Abstract: | Telecommunication operators play a vital role in connecting individuals and businesses worldwide, facilitating seamless communication and adopting global connectivity. However, the telecommunications industry is vulnerable to various malicious activities and challenges by fraudsters seeking to exploit weaknesses in the system. One such form of fraud that has emerged as a significant challenge for telecom operators is SIM-box fraud.
This thesis work is targeted to develop a model that helps to detect SIM-box fraudulent subscribers in a near real-time manner. To achieve this, we have set up API integration with Ethio telecom CRM and CBS environment to retrieve call detail record flat files (textual DB) on an hourly basis. Then, we developed a function using ASP.net C# that enables us to preprocess the textual raw data and store it in a database that has been configured using an SQL server to store call detail records, voice, SMS, and Data tuples.
SQL view has been created that joins the CDR, Voice, SMS, and Data tables to combine all the required attributes in one place to facilitate further data analysis. Next, we aggregated different tuples using SQL query and created a C# function that can derive additional attributes that help to track the behaviors of available calls. Once, we analyzed and compiled data of call detail records that incorporate the Voice, SMS, and Data utilization of each subscriber, we split the dataset into 1_hour, 1_day, and 7_day datasets and fed them into selected machine learning algorithms.

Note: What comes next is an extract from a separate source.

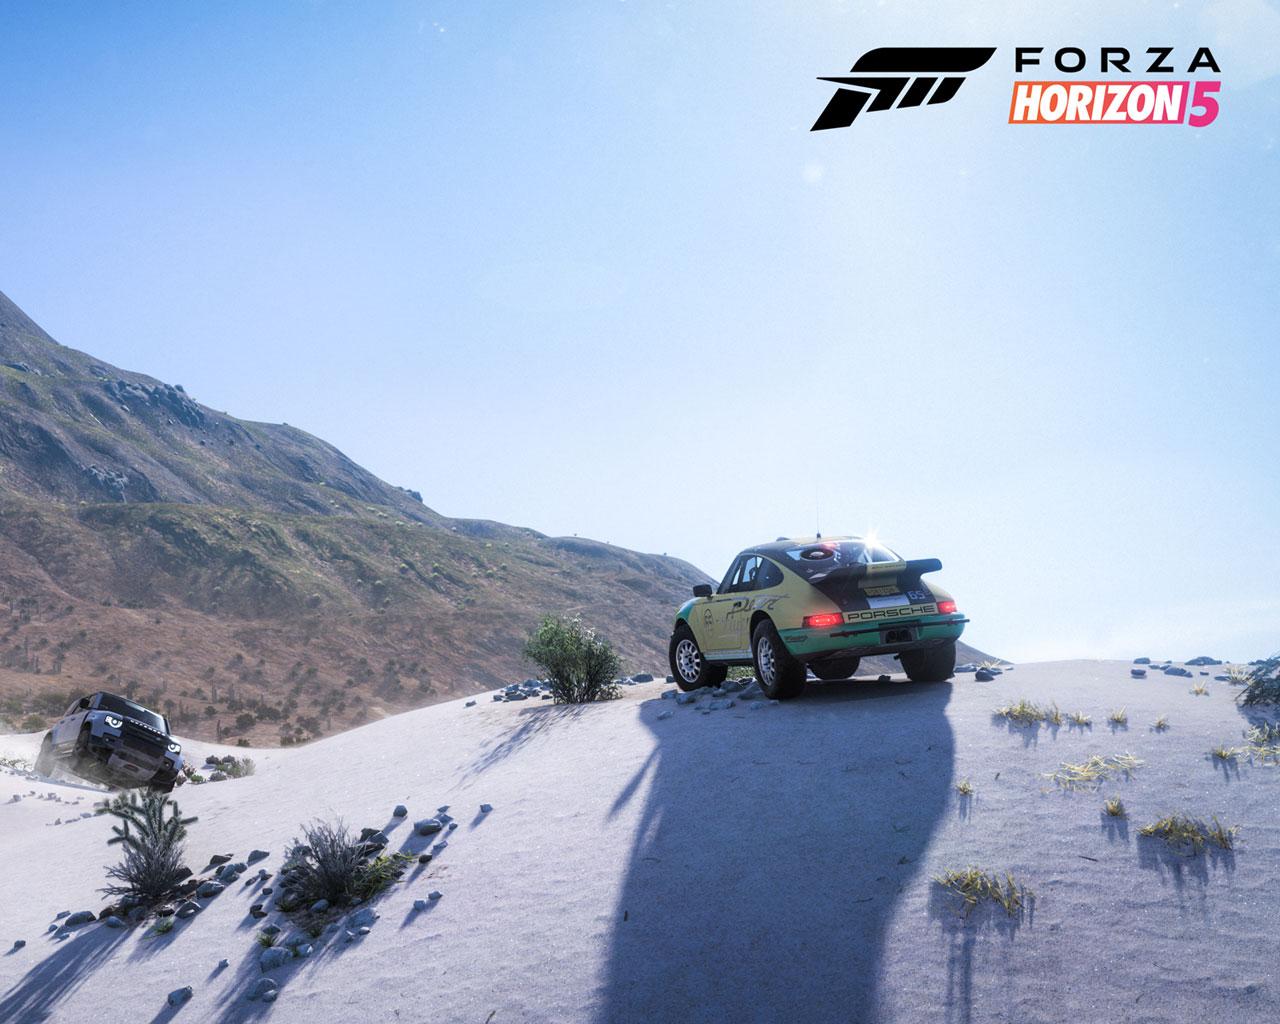 Free Forza Horizon 5 Wallpaper in 1280x1024
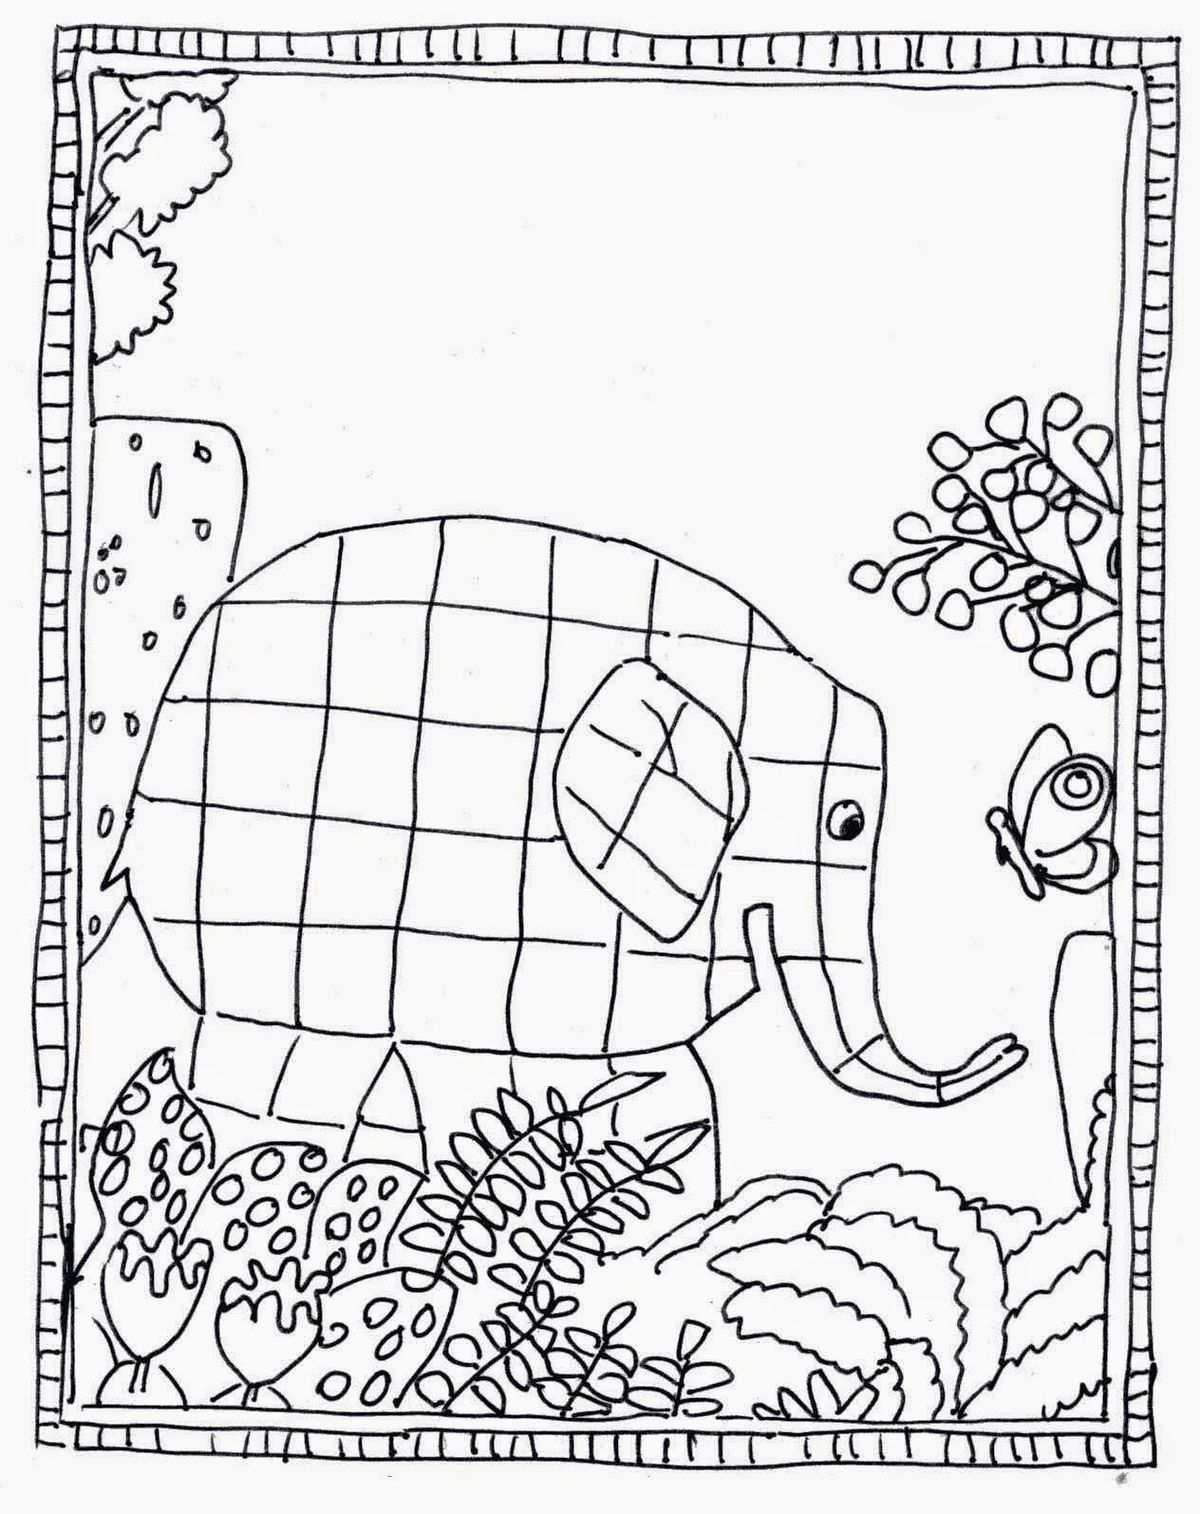 Mikapanteleon Pawakomastonhpiagwgeio Ta Xrwmata Sto Nhpiagw Childrens Books Activities Elmer Elmer The Elephants

Finally, we experimented by feeding the preprocessed, aggregated, and analyzed dataset to machine learning algorithms of Random Forest (RF), Support Vector Machine (SVM), and Neural Network (NN) algorithms using sci-kit-learn (sklearn) python library and 100% accuracy has recorded in RF and NN algorithms in all 1_Hour, 1_Day and 7_Day datasets. Hence, we have concluded that with a good CDR analysis engine or module, RF, and NN can effectively identify possible fraudulent subscribers. |